:: Try it ::
Whenever a line in the entries below contains "scuola", copy that line.

Stored items
──────────
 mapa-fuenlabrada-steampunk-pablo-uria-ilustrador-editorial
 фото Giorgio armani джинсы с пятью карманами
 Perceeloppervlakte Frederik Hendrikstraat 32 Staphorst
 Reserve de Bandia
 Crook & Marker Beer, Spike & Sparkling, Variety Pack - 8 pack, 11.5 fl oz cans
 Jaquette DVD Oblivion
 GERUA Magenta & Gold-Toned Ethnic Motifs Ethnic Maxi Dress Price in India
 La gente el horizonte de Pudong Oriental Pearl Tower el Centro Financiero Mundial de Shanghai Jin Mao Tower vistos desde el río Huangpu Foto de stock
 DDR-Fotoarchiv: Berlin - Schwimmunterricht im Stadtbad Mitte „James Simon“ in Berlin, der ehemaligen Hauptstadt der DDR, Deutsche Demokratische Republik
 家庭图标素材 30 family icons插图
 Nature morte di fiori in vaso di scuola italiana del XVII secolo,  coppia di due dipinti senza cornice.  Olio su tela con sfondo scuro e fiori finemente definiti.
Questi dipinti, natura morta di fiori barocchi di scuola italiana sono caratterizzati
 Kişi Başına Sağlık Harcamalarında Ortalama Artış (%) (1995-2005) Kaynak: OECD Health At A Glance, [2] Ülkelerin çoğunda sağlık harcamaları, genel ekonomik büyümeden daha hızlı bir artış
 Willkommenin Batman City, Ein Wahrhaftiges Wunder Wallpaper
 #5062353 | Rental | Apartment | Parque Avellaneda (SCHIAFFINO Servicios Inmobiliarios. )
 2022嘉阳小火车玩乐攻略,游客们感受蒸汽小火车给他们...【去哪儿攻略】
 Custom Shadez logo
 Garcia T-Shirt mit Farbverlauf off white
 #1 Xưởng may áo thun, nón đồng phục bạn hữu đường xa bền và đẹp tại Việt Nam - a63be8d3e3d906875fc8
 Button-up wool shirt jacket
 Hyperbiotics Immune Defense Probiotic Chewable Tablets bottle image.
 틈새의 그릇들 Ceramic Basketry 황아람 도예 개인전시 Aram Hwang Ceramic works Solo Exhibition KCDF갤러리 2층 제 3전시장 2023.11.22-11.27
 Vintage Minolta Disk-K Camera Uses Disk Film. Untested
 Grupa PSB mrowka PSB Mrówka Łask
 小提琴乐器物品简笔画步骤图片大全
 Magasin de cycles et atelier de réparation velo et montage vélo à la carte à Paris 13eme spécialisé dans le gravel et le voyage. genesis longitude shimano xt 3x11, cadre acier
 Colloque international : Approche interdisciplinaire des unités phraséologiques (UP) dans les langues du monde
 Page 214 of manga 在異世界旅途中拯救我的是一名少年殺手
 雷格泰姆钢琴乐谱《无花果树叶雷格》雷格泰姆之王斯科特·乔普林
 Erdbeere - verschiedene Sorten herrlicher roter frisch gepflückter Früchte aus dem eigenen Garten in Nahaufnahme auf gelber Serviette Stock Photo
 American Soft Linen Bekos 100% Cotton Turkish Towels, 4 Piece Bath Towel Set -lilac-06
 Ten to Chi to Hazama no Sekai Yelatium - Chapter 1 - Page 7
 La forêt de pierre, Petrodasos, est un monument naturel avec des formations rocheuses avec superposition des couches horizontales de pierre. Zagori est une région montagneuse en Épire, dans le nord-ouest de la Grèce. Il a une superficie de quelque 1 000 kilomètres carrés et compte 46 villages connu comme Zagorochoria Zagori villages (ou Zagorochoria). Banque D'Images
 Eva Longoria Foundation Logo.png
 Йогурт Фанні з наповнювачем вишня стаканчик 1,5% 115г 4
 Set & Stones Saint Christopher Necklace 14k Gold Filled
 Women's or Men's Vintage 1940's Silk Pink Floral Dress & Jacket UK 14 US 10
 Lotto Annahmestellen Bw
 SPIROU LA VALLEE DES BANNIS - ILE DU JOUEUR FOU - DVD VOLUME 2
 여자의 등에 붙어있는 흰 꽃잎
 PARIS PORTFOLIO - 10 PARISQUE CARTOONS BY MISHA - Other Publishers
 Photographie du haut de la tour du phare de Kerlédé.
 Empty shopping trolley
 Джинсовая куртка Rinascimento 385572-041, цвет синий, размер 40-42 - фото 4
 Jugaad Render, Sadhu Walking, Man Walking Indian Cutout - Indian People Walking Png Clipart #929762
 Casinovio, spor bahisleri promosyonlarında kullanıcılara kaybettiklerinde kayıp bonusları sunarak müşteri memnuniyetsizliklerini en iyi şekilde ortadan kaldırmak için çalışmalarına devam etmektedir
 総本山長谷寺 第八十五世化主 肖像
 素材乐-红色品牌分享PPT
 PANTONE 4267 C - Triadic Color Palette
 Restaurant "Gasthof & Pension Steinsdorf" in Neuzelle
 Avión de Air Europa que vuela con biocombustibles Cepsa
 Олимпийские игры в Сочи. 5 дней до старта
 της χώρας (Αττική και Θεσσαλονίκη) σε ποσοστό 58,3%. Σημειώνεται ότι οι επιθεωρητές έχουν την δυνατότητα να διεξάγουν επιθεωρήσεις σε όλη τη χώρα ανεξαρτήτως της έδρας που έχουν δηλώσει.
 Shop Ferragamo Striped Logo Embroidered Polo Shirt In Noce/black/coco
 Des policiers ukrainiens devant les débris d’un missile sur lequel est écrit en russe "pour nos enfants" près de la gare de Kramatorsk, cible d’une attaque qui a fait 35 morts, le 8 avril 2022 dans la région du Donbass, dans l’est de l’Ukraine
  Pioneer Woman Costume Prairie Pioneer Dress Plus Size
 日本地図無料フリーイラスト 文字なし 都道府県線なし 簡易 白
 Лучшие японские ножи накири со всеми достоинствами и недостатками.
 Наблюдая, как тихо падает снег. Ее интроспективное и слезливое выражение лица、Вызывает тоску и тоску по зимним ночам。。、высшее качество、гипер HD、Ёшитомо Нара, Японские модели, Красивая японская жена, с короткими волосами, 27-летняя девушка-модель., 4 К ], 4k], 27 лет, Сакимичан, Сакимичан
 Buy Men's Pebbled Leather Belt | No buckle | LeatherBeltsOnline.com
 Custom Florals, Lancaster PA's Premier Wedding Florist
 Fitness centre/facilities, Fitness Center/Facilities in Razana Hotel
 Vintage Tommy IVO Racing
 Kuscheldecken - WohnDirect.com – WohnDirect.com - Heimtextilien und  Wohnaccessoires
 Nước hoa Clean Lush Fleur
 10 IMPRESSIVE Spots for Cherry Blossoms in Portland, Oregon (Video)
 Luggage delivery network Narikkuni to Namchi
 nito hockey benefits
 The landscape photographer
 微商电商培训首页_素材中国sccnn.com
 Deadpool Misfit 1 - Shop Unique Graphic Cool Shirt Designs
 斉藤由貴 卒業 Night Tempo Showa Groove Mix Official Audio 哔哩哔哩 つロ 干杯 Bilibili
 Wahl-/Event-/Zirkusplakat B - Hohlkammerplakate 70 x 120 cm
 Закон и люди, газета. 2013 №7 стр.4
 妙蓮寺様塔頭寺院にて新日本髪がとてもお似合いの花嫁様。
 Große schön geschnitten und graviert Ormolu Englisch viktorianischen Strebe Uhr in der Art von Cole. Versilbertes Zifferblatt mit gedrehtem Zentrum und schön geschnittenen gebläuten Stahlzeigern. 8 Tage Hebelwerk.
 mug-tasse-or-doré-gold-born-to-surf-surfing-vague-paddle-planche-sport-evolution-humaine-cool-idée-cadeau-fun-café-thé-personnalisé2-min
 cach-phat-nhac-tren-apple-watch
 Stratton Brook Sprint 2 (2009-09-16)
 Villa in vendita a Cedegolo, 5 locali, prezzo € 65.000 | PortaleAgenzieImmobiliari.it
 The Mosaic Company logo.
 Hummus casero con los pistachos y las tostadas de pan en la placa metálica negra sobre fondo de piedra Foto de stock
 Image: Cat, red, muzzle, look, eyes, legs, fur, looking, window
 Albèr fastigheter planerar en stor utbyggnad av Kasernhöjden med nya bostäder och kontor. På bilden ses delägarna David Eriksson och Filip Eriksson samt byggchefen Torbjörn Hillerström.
──────────
:: Solution to this exercise ::
 Nature morte di fiori in vaso di scuola italiana del XVII secolo,  coppia di due dipinti senza cornice.  Olio su tela con sfondo scuro e fiori finemente definiti.
Questi dipinti, natura morta di fiori barocchi di scuola italiana sono caratterizzati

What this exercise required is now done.